Les écrivains écoutent-ils des livres audio ? Aimeraient-ils lire leurs propres textes ? 150 ans après l’invention du mythique « gueuloir de Flaubert », Lire dans le noir inaugure avec Maylis de Kerangal une série d’entretiens autour des textes lus à voix haute. 

 

 Maylis de Kerangal : « Je fixe mes textes à l’oreille » 

Maylis de KerangalMaylis de Kerangal est née au Havre en 1967. Elle est l’auteure de plusieurs romans aux éditions Verticales, dont Ni fleurs ni couronnes, publié en 2006, Corniche Kennedy, en 2008, et Naissance d’un pont, publié en 2010, couronné du prix Médicis. Dans ce roman, on suit pas à pas la construction d’un pont monumental dans une Californie fictive. Elle a voulu raconter l’histoire de ces hommes et femmes venus travailler sur ce chantier monumental, symbole du capitalisme du XXIème siècle. Avec un style à la fois précis, contemplatif, poétique, des phrases superbes et un regard humaniste, Maylis de Kerangal a réalisé un roman superbe, sorte de road book méditatif sur la puissance des hommes. Elle répond ici à nos questions. 


Ecoutez-vous des livres audio ?

Cela m’arrive mais très rarement. J’en possède peu, je n’ai pas le réflexe d’en acheter ou alors je le fais par curiosité, parce que je veux entendre la voix de l’auteur. Surtout j’ai du mal à créer la trouée de silence qui me permettrait d’écouter le texte, d’être concentrée — alors que je peux lire dans des endroits bruyants. J’ai un souvenir assez intense d’avoir roulé la nuit dans la campagne en écoutant Fairy queen et Le colonel des zouaves, de Cadiot.

Préférez-vous les entendre lus par des comédiens ou par les auteurs eux-mêmes ?  

Quand le texte est lu par l’écrivain, j’ai le sentiment qu’il me parvient quasiment sans filtre, il prend exactement la forme (modulation de la voix, ton, vitesse, intention) voulue par l’auteur, et c’est cela qui m’intéresse, ce côté brut, direct. C’est pourquoi je préfère entendre les écrivains lire leur texte, je suis davantage curieuse, intéressée : comment l’auteur incarne son propre texte. Quand un comédien lit un texte, ce qui m’intéresse, c’est l’inverse : comment il se l’approprie, comment il le détourne. Comment il en fait carrément autre chose. C’est dans cet écart que je suis surprise.

Relisez-vous vos propres textes à voix haute ? 

Oui, je relis à voix haute ce que j’ai écrit au terme de chaque séance de travail. J’ai besoin d’entendre comment le texte sonne, comment il se débrouille à l’oral. C’est une étape nécessaire inscrite depuis toujours dans mon travail, j’y règle la ponctuation du texte, sa respiration, je vérifie que sa logique interne s’entend. Je fixe le texte à l’oreille. 

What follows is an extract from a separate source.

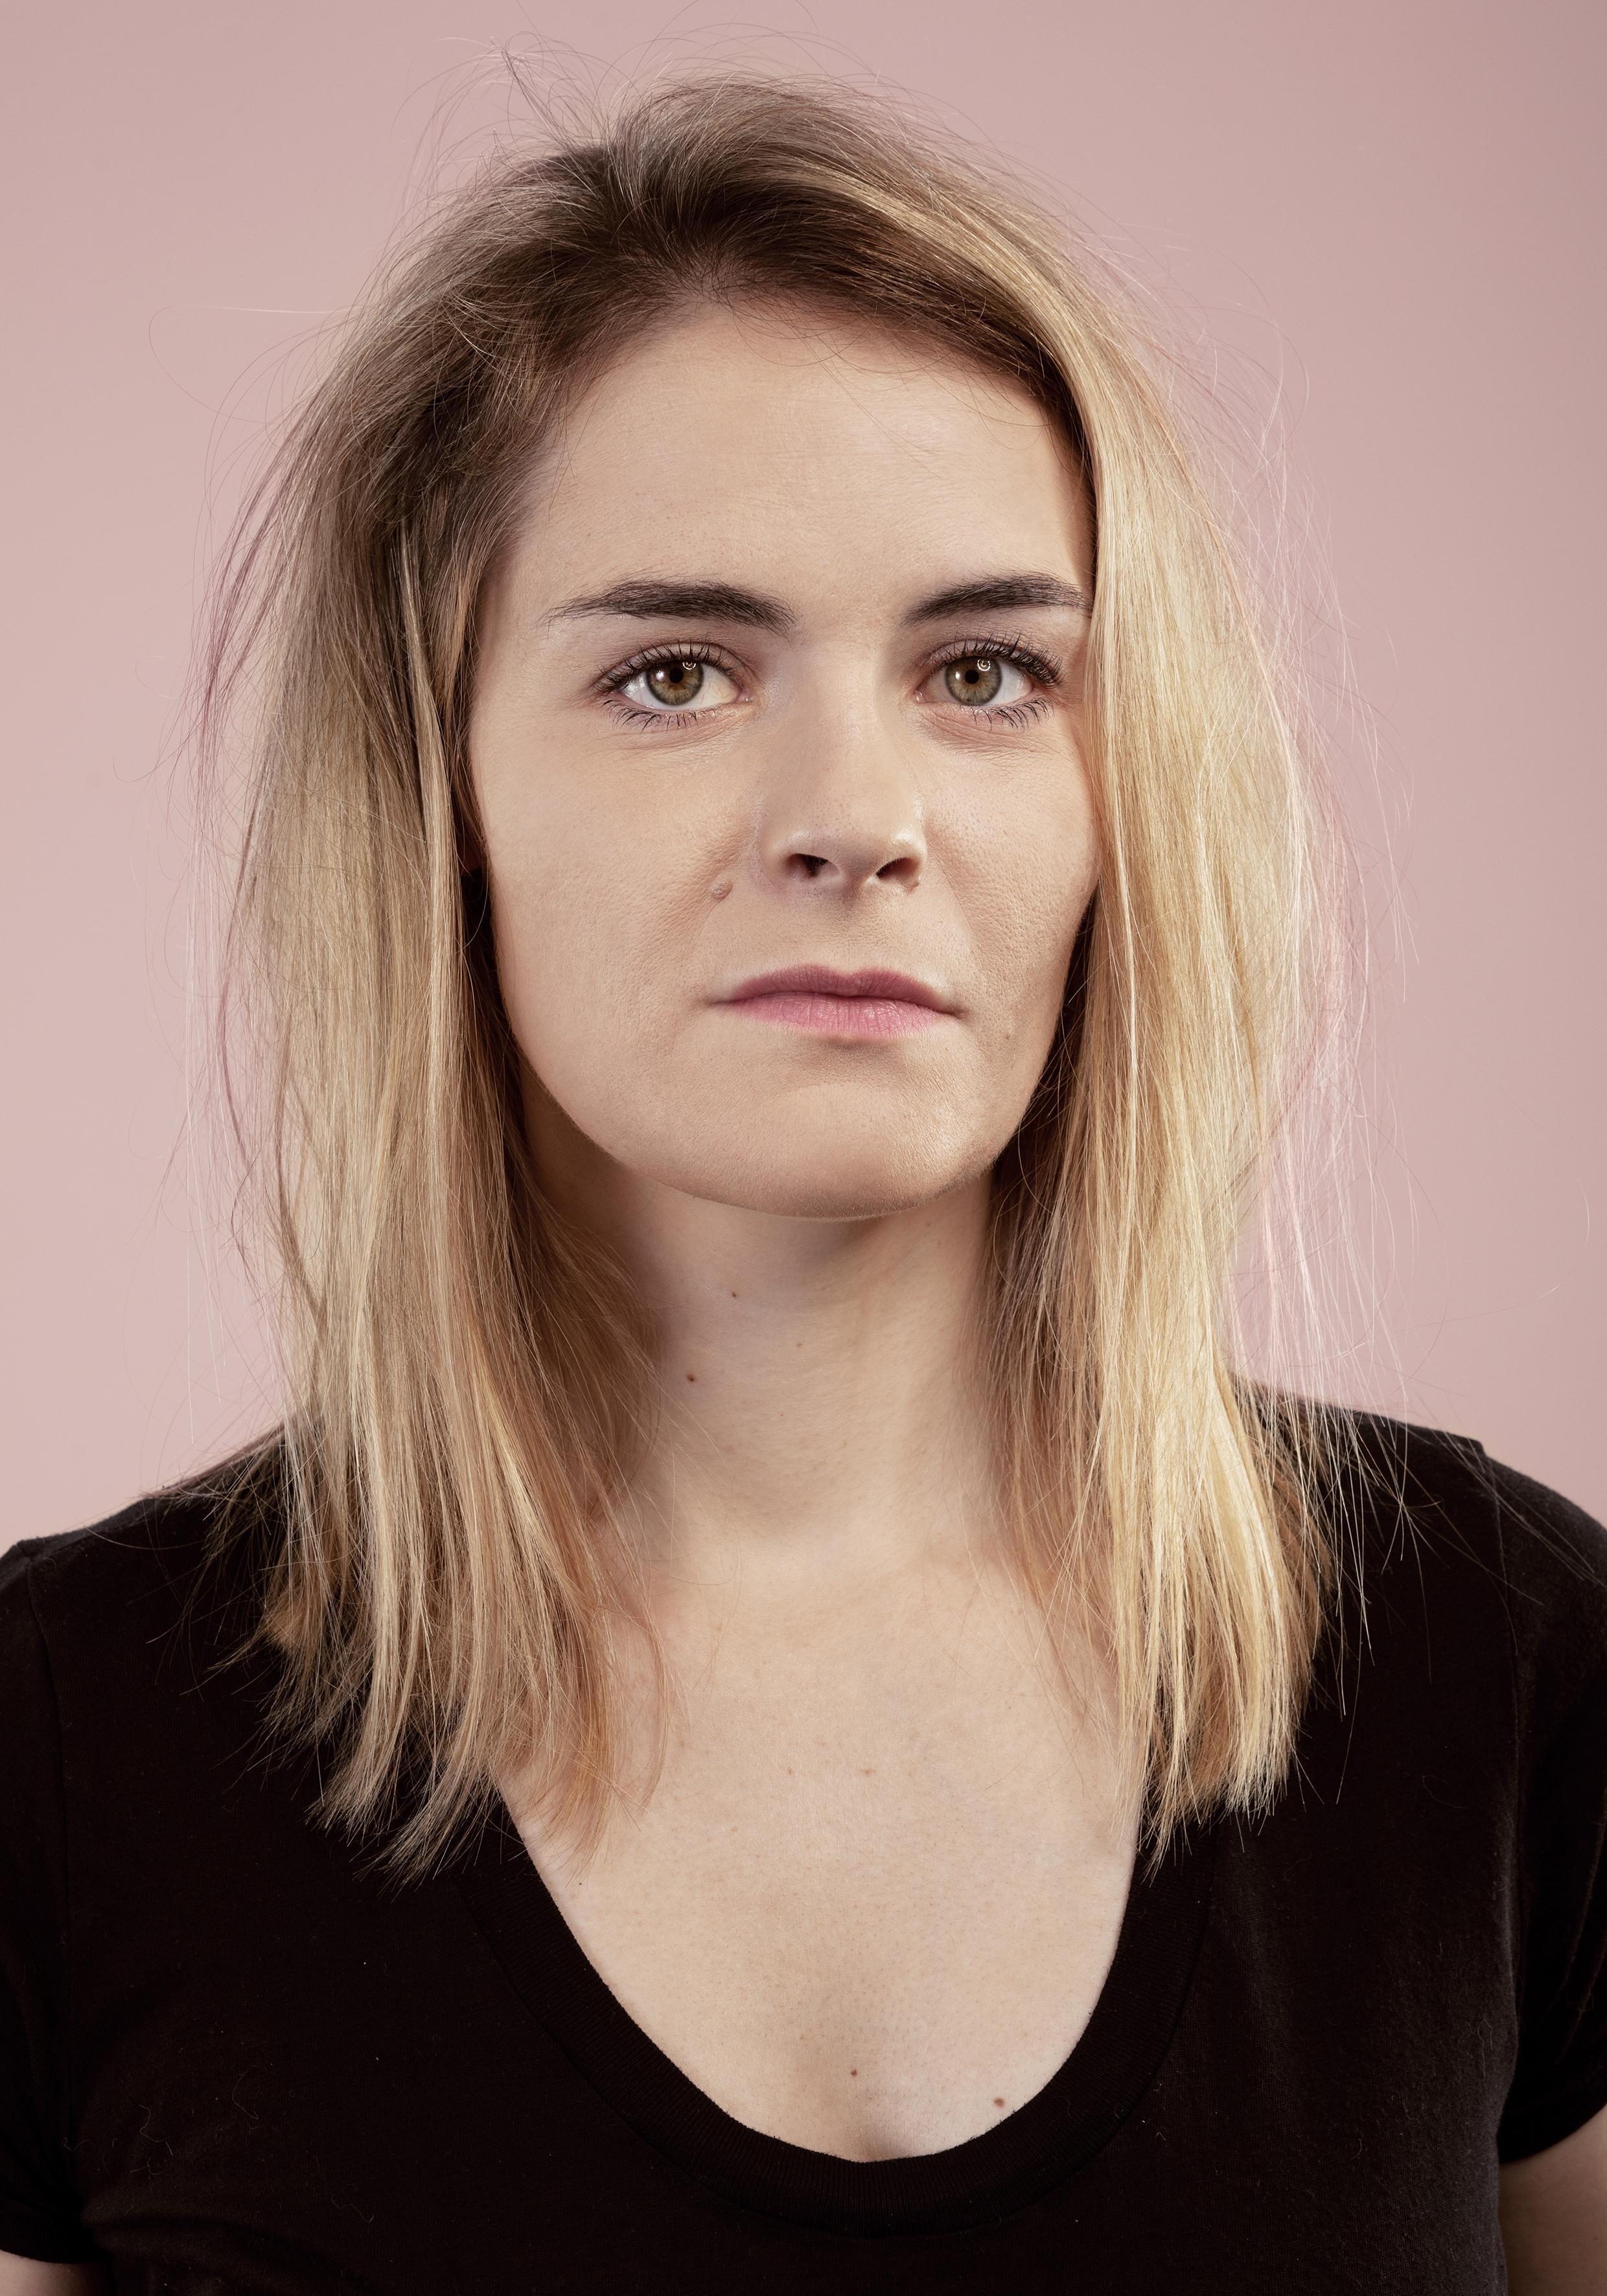 Hazel Brugger - Kennen Sie diese Frau?

Cela vous aide t-il dans l’élaboration d’un roman ?

Oui, je crois. Je travaille mieux le déploiement du texte, sa tension, son intensité, sa vitesse. Surtout le texte prend corps (au sens propre comme au sens figuré). Parfois, je me demande même si ce que j’écris n’est pas écrit ainsi pour être lu, si cette pratique n’induit pas chez moi une certaine forme d’écriture.

Aimez-vous entendre lire vos propres oeuvres ? 

Oui. Parce que j’ai alors la sensation que le texte n’est pas le mien, qu’il m’est étranger et alors vraiment, je le redécouvre. C’est étrange.

Aimez-vous lire à voix haute, devant un public, vos oeuvres ? 

Oui, j’aime donner des lectures publiques. Pas forcément de mes œuvres d’ailleurs : j’aime lire à voix haute les textes que j’aime 

Qu’est ce qui vous rebute dans une lecture ? 

Rien. 

Aimez-vous les lectures très mises en scène (avec de la musique, un chapitrage marqué, une interprétation très présente) ; ou des mises en scène plus sobres ? 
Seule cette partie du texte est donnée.